In this research, we address how human and social scientists may derive patterns of human behavior within multimodal data as these behaviors are situated in time. Such situated analysis considers the study of behavior in time as opposed to looking at behavior in the form of aggregated data divorced from how they occur in context. This multimodal analysis is concerned with searching for and discovering behavior phenomena of interest amongst multiple channels of data (e.g., gaze, speech, and gesture) where a phenomenon's value to an expert performing the analysis may not be based on frequency or statistical significance but on subjective relevance.
There are a multitude of annotated behavior data-sets or corpora (manual and automatic annotations) available as research in multimodal analysis of human behavior expands. Many of these corpora and supporting visualization tools store, organize, and display multimodal data based on the structural nature of behavior. By structure we mean discrete events that hold ordered relations in time that may vary from one occurrence to another. For example, the visualization tools MacVisSTA , ANVIL , and ELAN  display multimodal data as interval based events with some support for continuous signal data. One challenge is searching for and identifying behavior models of interest.

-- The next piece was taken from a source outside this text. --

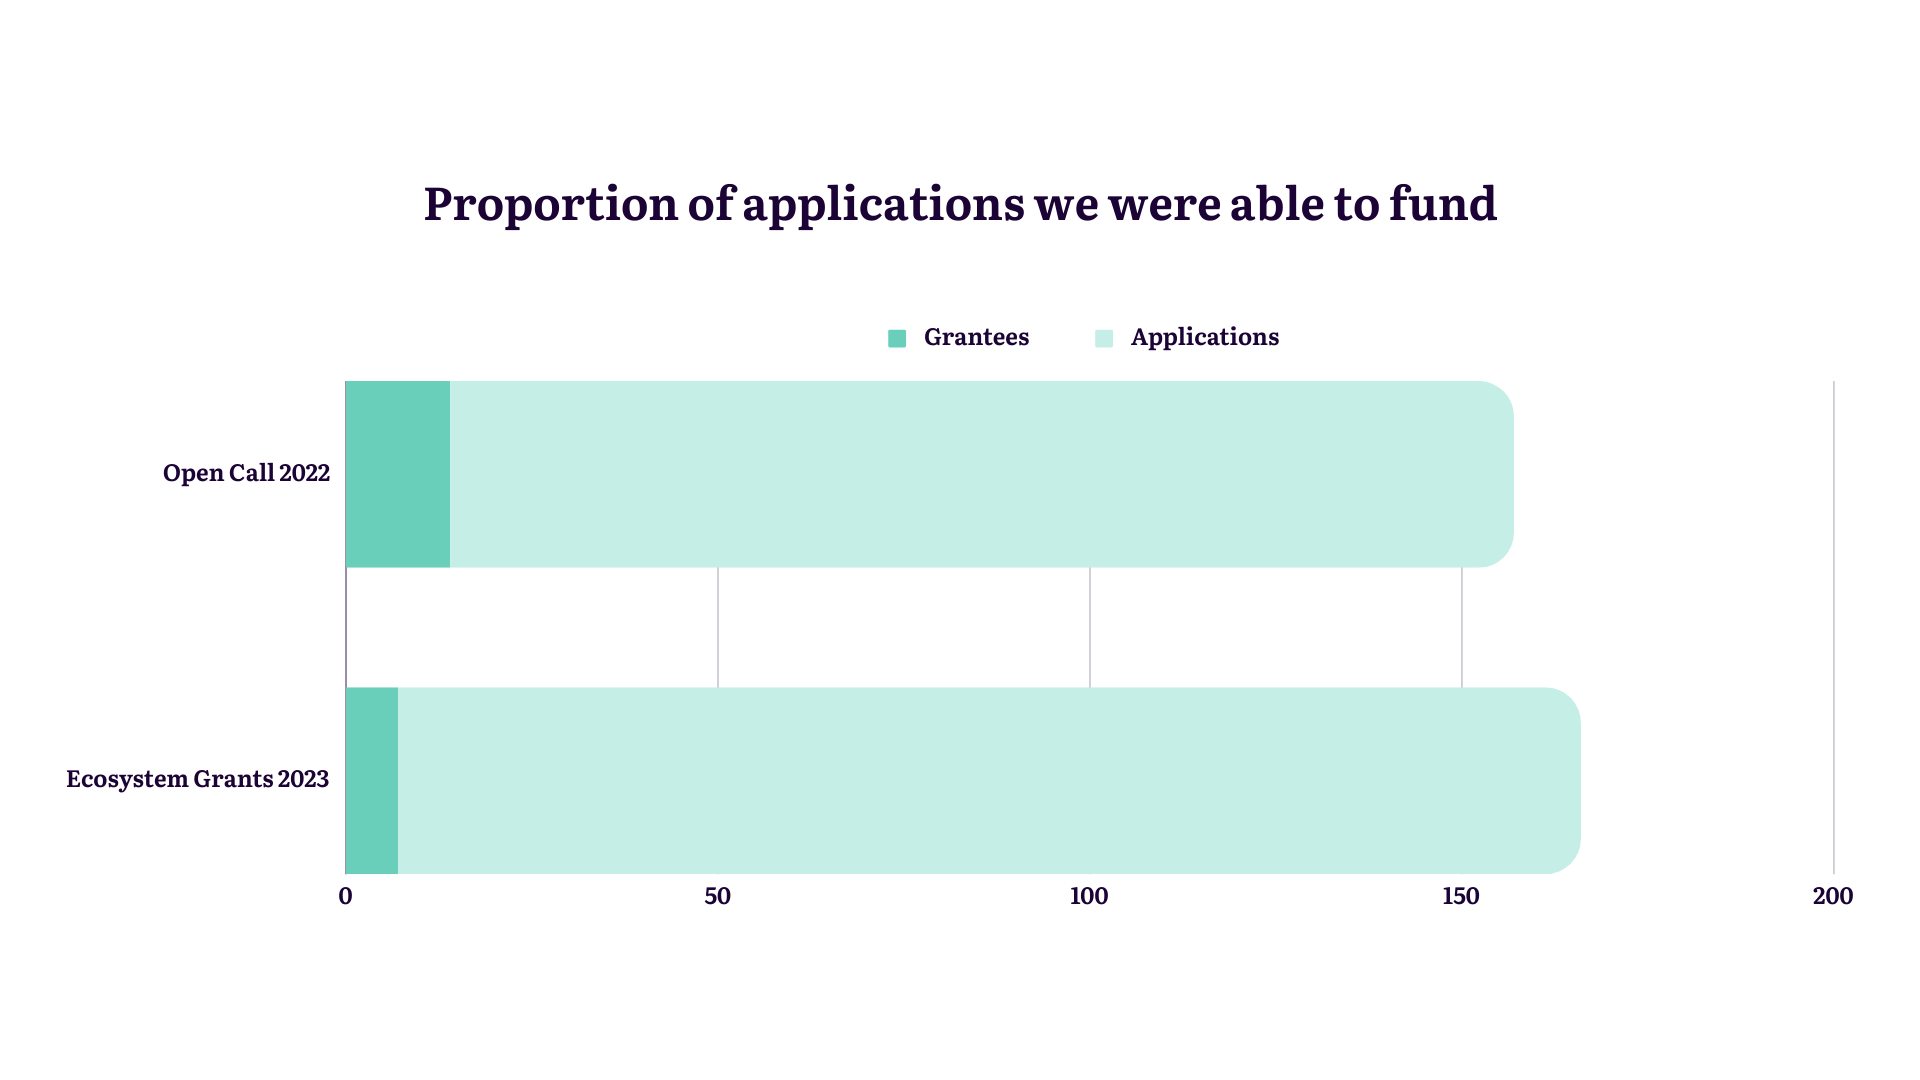 The graph shows a stacked row chart with two columns, comparing the number of applications and awarded grants for two of our latest grant calls - the Open Call 2022 (143 applications; 14 awarded grants) and the Ecosystem Grants call in 2023 (159 applications; 7 awarded grants).

Therefore, we seek to address several questions:
- How can human behavior be modeled effectively within multimodal data? What data representation should be chosen for such modeling?
- How can expert knowledge be leveraged in identification of behavior within multimodal data? How does one explore such data and identify relevant behavior?
Human and social scientists approach data from a theoretical viewpoint, forming hypotheses of what behaviors they see or expect to see in the data. Analyzing a large amount of event data from a multimodal corpus, however, is a tedious endeavor, and it is desirable to apply machine learning approaches to assist in this process. Machine learning, on the other hand, often takes a tabula rasa approach that is not able to take advantage of the knowledge of human experts. Many machine learning approaches produce their own models requiring only that experts provide labeled data. Furthermore, many patterns defining human behavior (behavior models) are structural in nature requiring construction of relationships between events and component behaviors. Automated learning, on the other hand, is often framed as the learning of weights and parameters, as opposed to the structure of the pattern itself. These observations motivated us to address the problem from a different angle.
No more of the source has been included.